Submission for the RDWG Symposium on Website Accessibility Metrics

This is a submission for the RDWG Symposium on Website Accessibility Metrics. It has not yet been reviewed or accepted for publication. Please refer to the RDWG Frequently Asked Questions (FAQ) for more information about RDWG symposia and publications.

A zero in AChecker means 10 in eXaminator: a comparison between two metrics by their scores

1. Problem Addressed

A zero on the scale of the validator Accessibility Checker [1] is theoretically the same as a 10 on the scale of the validator eXaminator [2] - both mean that the page passed its full battery of tests and, in principle, correspond to a good practice. But to what extent do the two metrics coincide in their judgments and scores? What is the type of correlation that can be inferred by the score? Will some metrics be more stricter than another? Will they tend to be more benevolent in the lower grades and more conservative in assigning higher notes?

2. Background

When in 2005 UMIC - Knowledge Society Agency of the Ministry of Science, Technology and Higher Education put online the automatic validator eXaminator, maybe the first nonexperimental validator based on a quantitative metric, the users' reaction was interesting: the accessibility experts reacted badly - "accessibility can not be summed to a note" - but all the others who didn't have a comprehensive and authoritative knowledge of what accessibility was about, almost all of our target, perceived quite clearly the score given. A score from 0 to 10, where 10 is a good practice.
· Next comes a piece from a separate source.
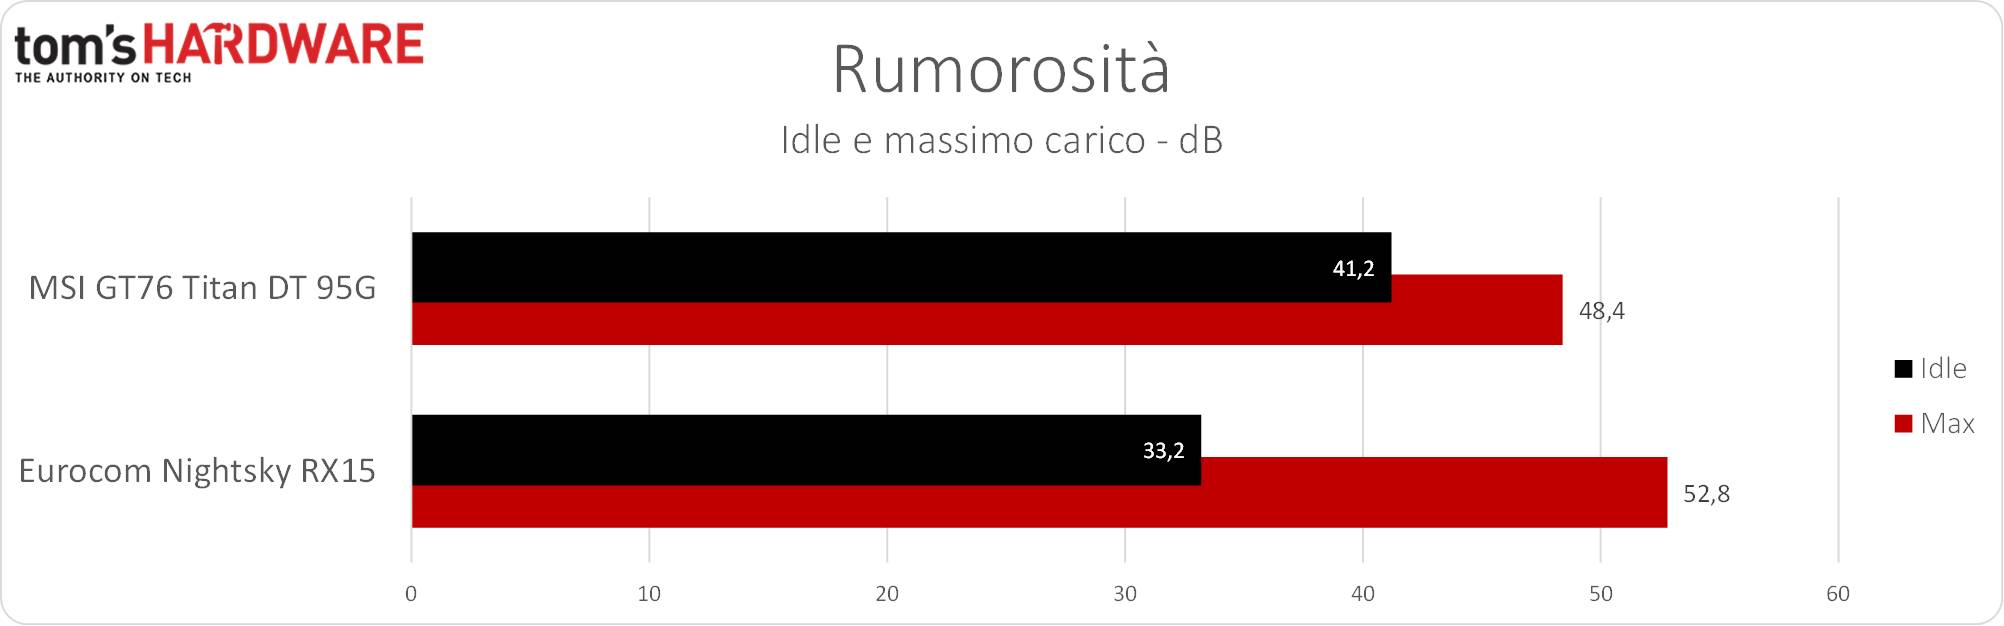 Eurocom Nightsky RX15 - Rumorosità

But deep down, eXaminator has strong roots in pericial manual evaluations of a team that does manual evaluations since 2000. It was based on checkpoints lists of WAI, but soon it was neccesary to give some stars scores to analysed practices in order to create rankings of sites. Unlike metrics like WAQM - Web Accessibility Quantitative Metric, which seeks to achieve a failure rate for each page or UWEM accessibility metric seeking a failure rate for each checkpoint [4], the eXaminator does an exercise equivalent to an expert evaluator.

The metric of eXaminator aggregates, for each test, the results (error or positive practice) in occurrences. And it does so related to each page. Then it assigns to each occurrence, as if it were a teacher, a score to each one of these occurrences. The score tries to reflect the seriousness of the occurrence found, and also reflects the effort that the designer / developer needs to do to achieve good practice. [see table 1].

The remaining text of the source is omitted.